The original paper, which is a matter of increasing damage only, has nothing but inference on how this applies to aging while CB1 is active and normally operational, and it's speculative to say that anything could come from this to move the needle in the opposite direction.
The reason I noticed this work at all is because it's possible that endocannabinoids are involved in calorie restriction in some way, based on work in nematode worms:
Not only have we been able to identify some of these molecules for the first time in the worm, but we have also been able to show they act as a signal of nutrient availability and ultimately influence the worm's lifespan.
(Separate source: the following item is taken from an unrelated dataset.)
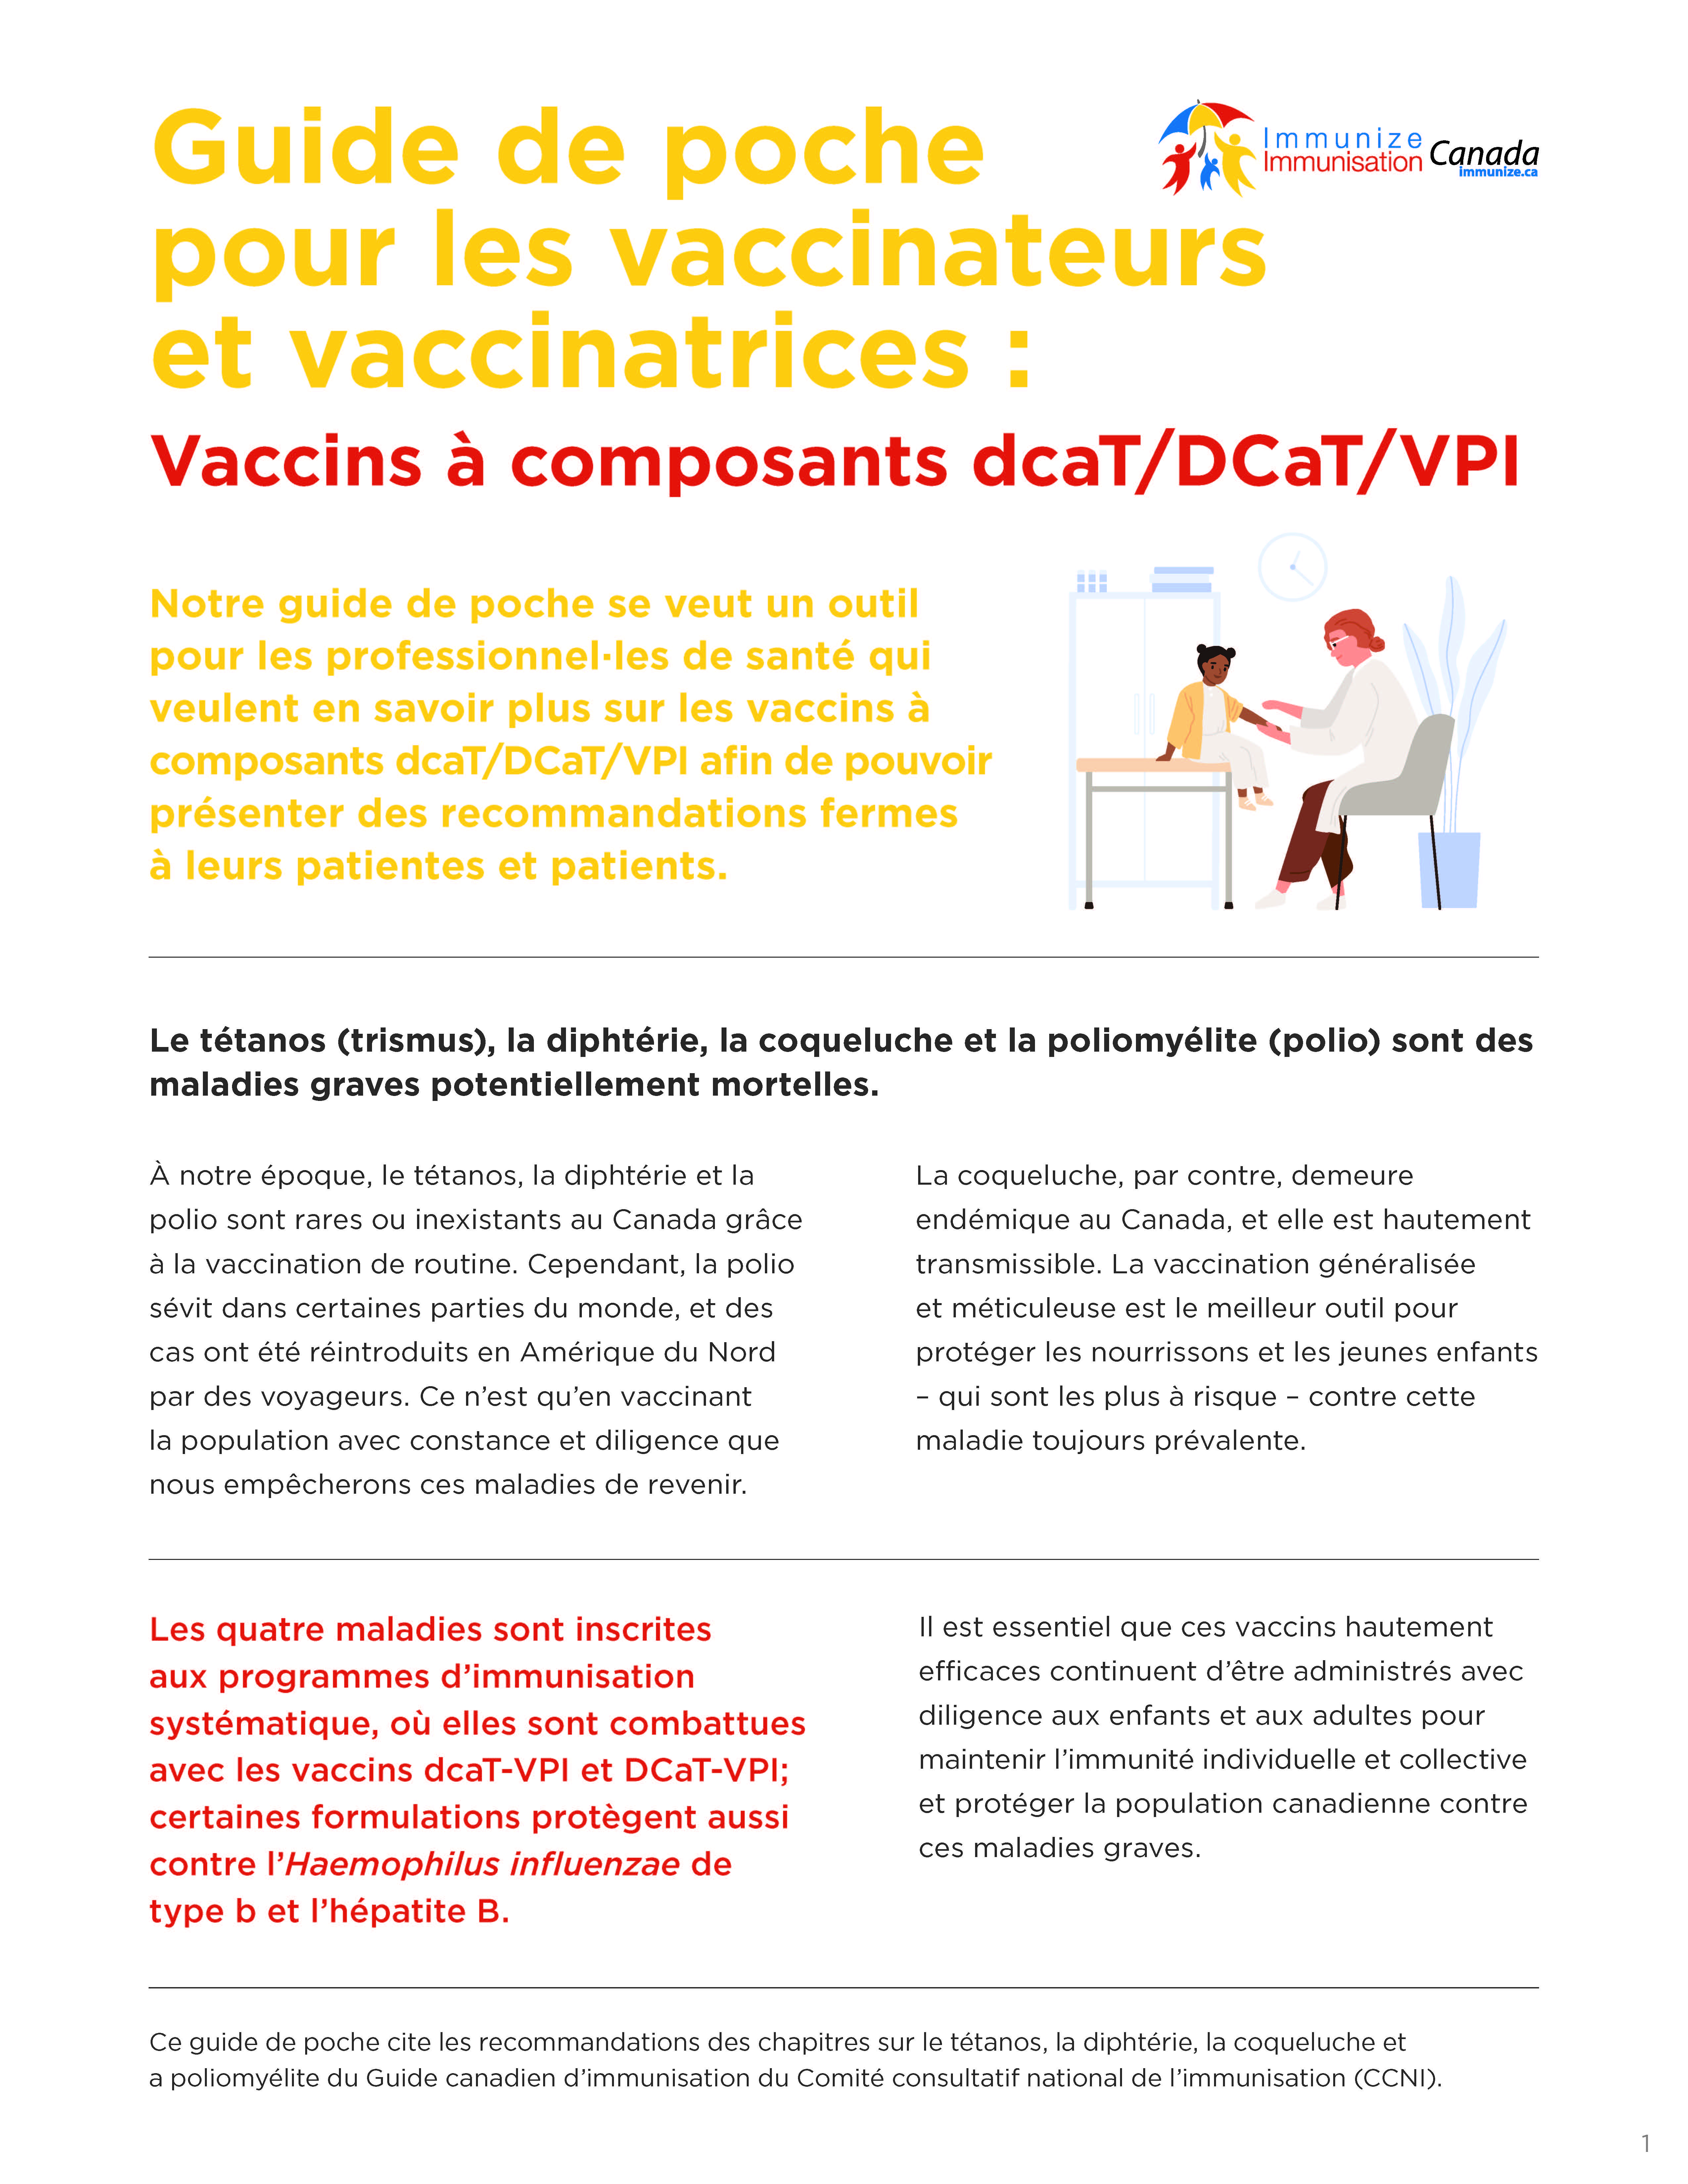 Guide de poche pour les vaccinateurs et vaccinatrices : Vaccins à composants dcaT/DCaT/VPI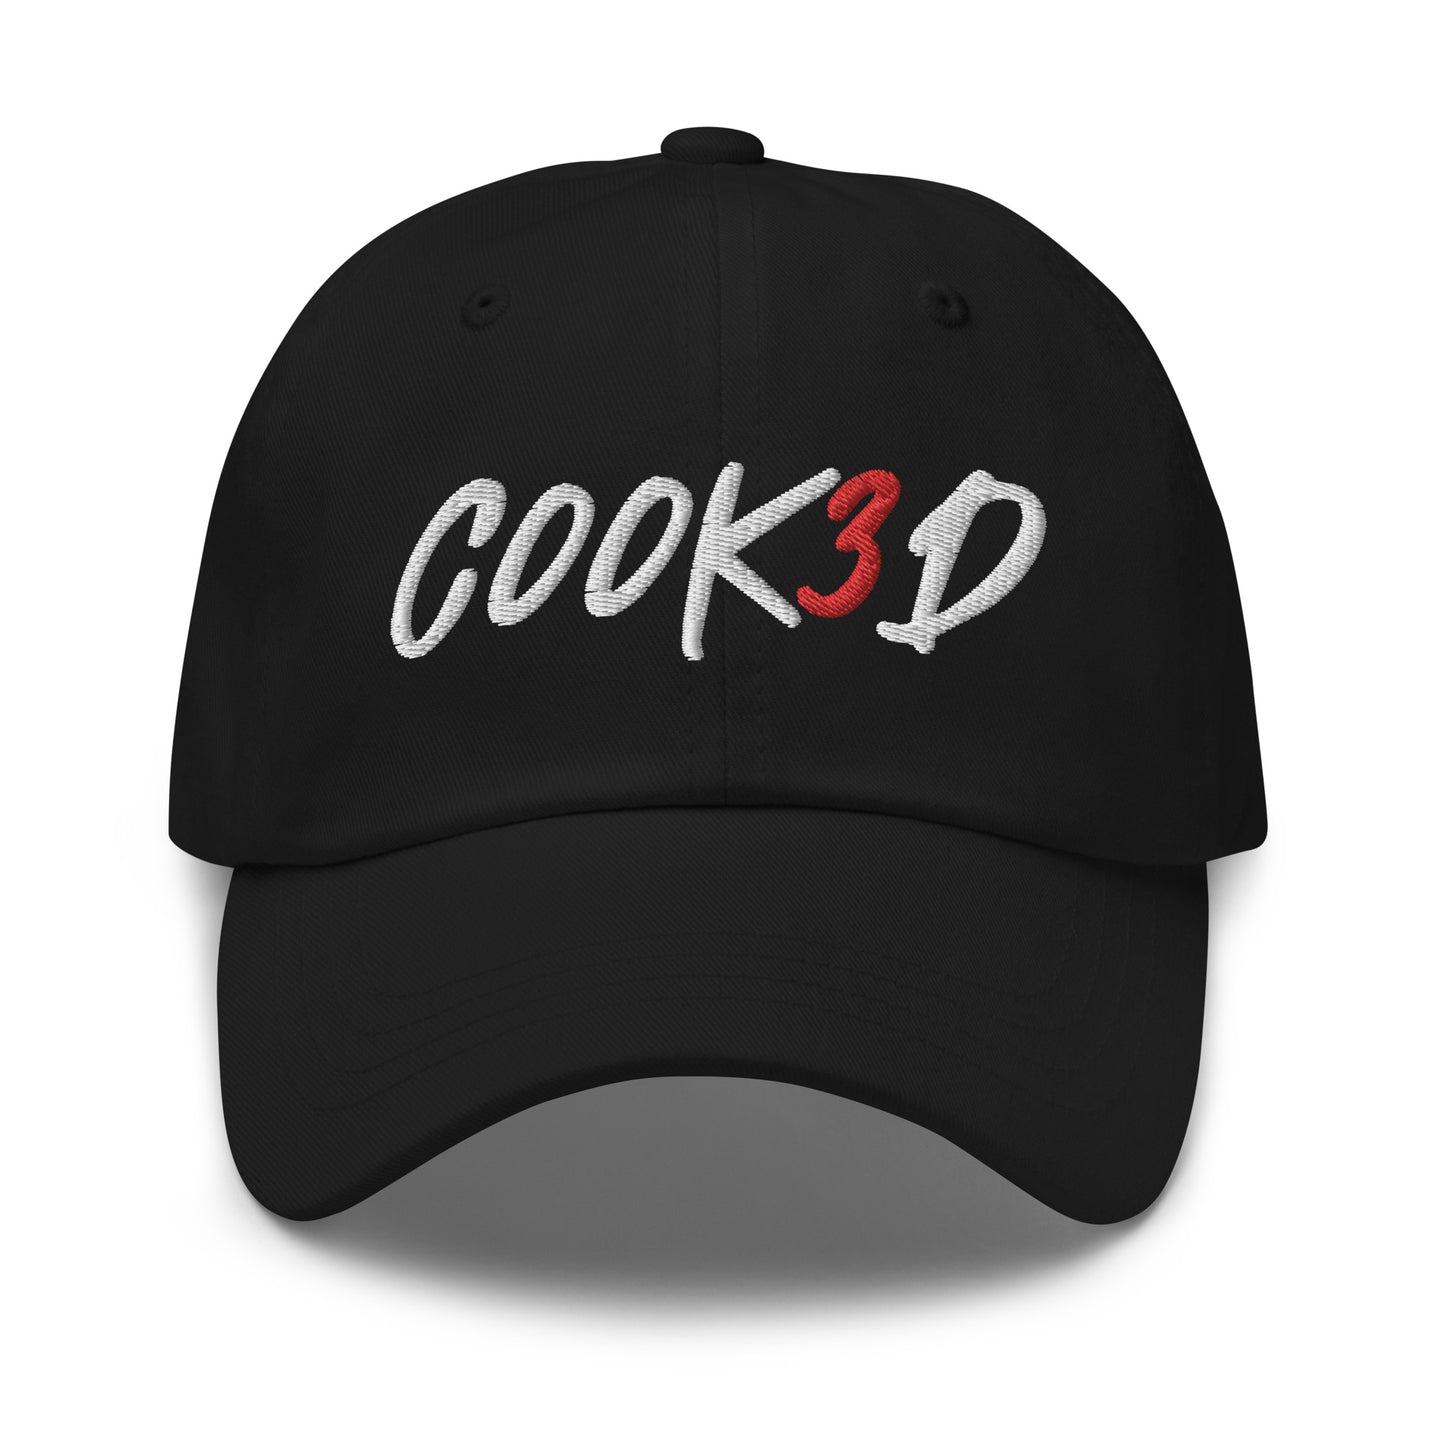 C00K3D Divine Cap

What makes this important is that the same molecules are present in both humans and C. elegans, so these molecules may play similar roles in both organisms. ... The molecules identified in the new study are N-acylethanolamines (NAEs), a group of signaling molecules derived from lipids that help indicate nutrient availability in the environment and maintain an animal's internal energy balance. [Researchers showed that] NAE abundance in the worm is reduced during periods of dietary restriction, and that NAE deficiency in the presence of abundant food is sufficient to extend the animal's lifespan. ... Importantly, this particular NAE is similar to endocannabinoids in mammals, which regulate many different physiological processes including nutrient intake and energy balance, as well as inflammation and neuronal function.
The CB1 paper above adds nothing much in the way of weight to that conjecture, however, and so I'd say it remains a fairly tenuous connection at this time. You'd need a study that shows extended life in mice through something very similar to NAE deficiency in worms, but engineered using endocannabinoids. So further research is required - and there are a great many more important things that researchers could be doing with their time.